While it’s easy to consider these concepts and accept them as truth, it is much harder to accept these notions as part of our perception of existence. Our egos don’t like it. We believe ourselves to be unique individual creatures. Perhaps we are, somewhere deep inside, truly unique. Somewhere along the way, it struck me that this could be related to what we seek during meditation.
Look inside yourself. No, not with an x-ray, I mean inside your mind. Strip away all of the “learned” stuff I mentioned above. Without language, what are your thoughts? What is at the core? In my experience of trying to practice this exercise, the harder I look – the smaller I am. In fact, when I focus hard enough, the “me” inside seems to be an infinitely small point of nothingness that leads to somewhere I can never go… or perhaps, once I do go, I can never return.
Alright, I’ve gone far too hippy there. To lighten things up a bit, lets zoom out in space and look at humans as a whole. Dude, we look like ants from up here! Or a fungus.

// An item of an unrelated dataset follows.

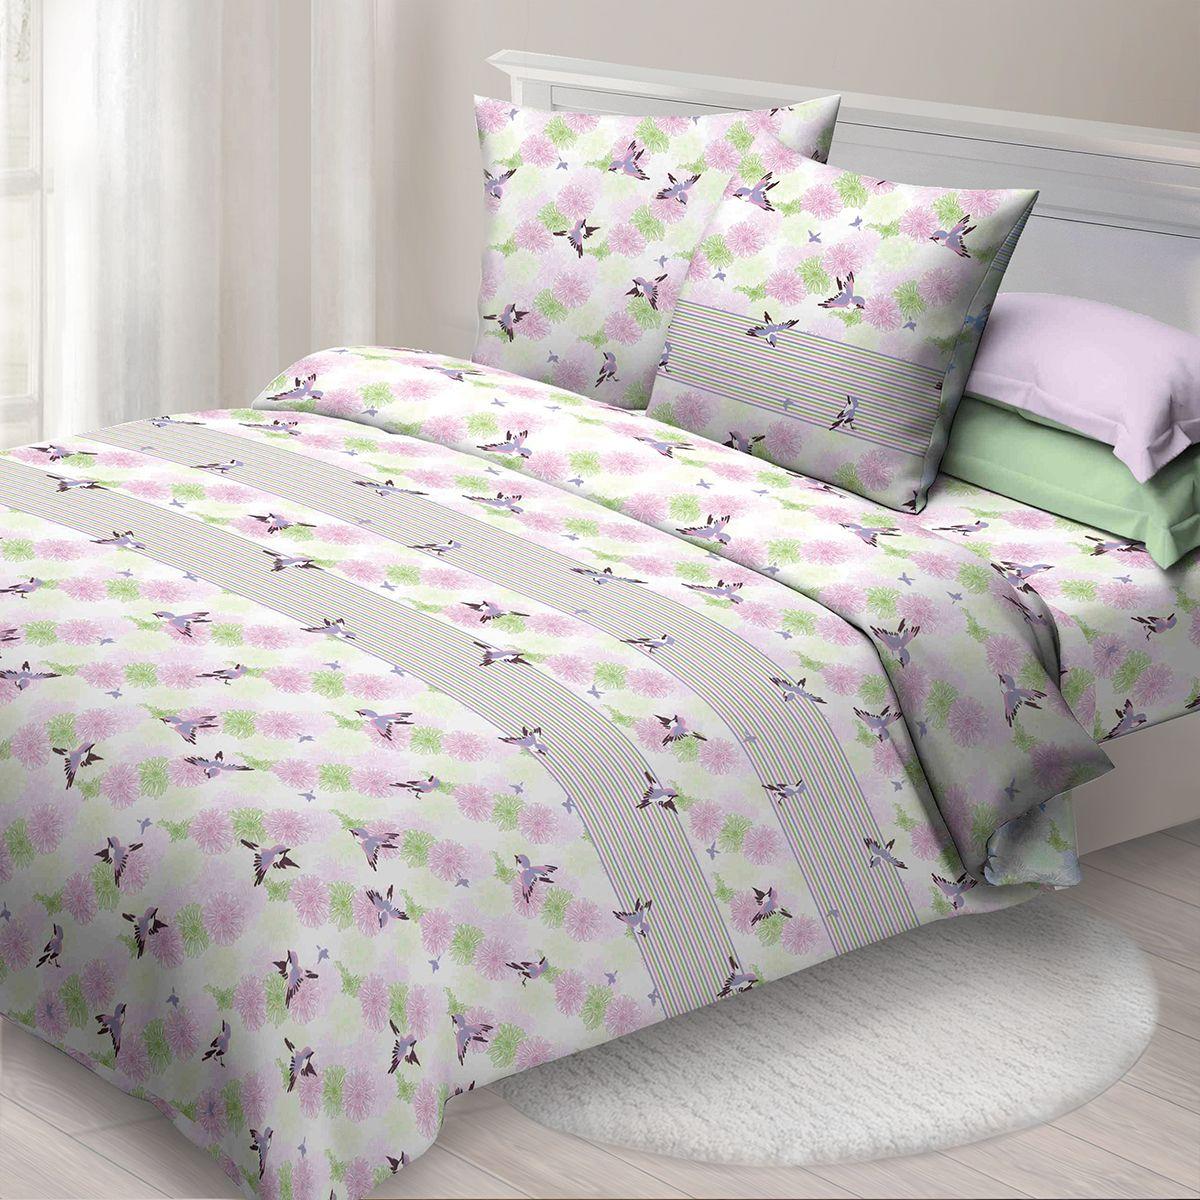 Комплект белья Спал Спалыч Ариана, 2-х спальное, наволочки 70x70, цвет: розовый. 4085-184194

This point, from space, is where I think the human mind is attempting to evolve. We cling on to our notions of individuality. However, as we shift from books to blogs to tweets to… whatever… the flow of information speeds up and the number of nodes involved in our social network increases. Suddenly, the worlds starts to look different as larger patterns emerge. It’s overwhelming and tiring, but somehow as a culture we can’t stop working in this direction.

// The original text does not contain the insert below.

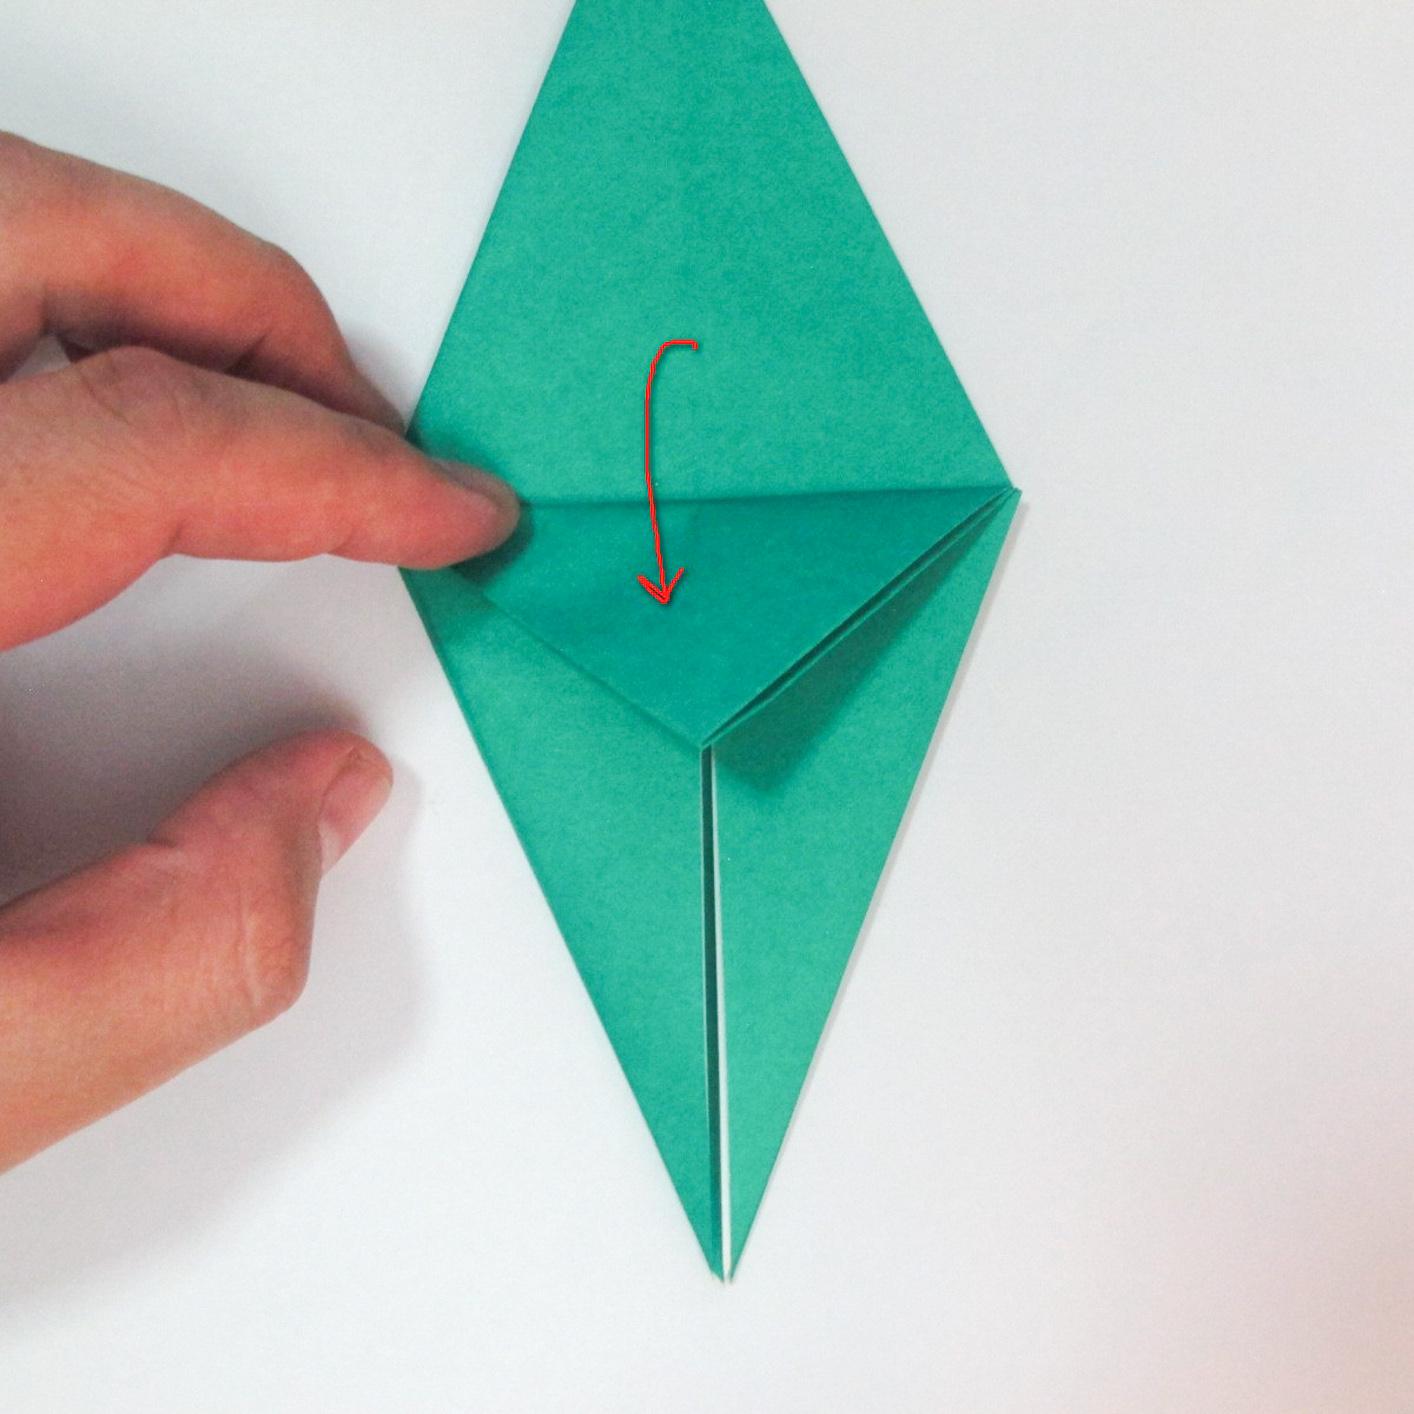 สอนวิธีการพับกระดาษเป็นรูปปลาฉลาม (Origami Shark) 014

I love to fantasize about where we might be going. I’ve met many who seem to think they know. I personally don’t believe any of them. Even if they are one more step evolved than any of us, they would simply be one of nature’s prototypes testing the effects of a particular evolutionary path. It’s not a true step in evolution until a critical mass takes the leap. Unfortunately, I may not be here for it. Then again, if I see “I” as “us”… then I will.
We’ve discovered life that’s well over 3 billion years old on our 4.5 billion year old planet. We think that humans have been around for about half a million years. We expect our star to be around for a good 10 billion. We have a lot of time left to evolve, providing we can avoid disaster. I believe it silly to think we’re anywhere near the end. In fact, I suspect we’re far closer to the beginning.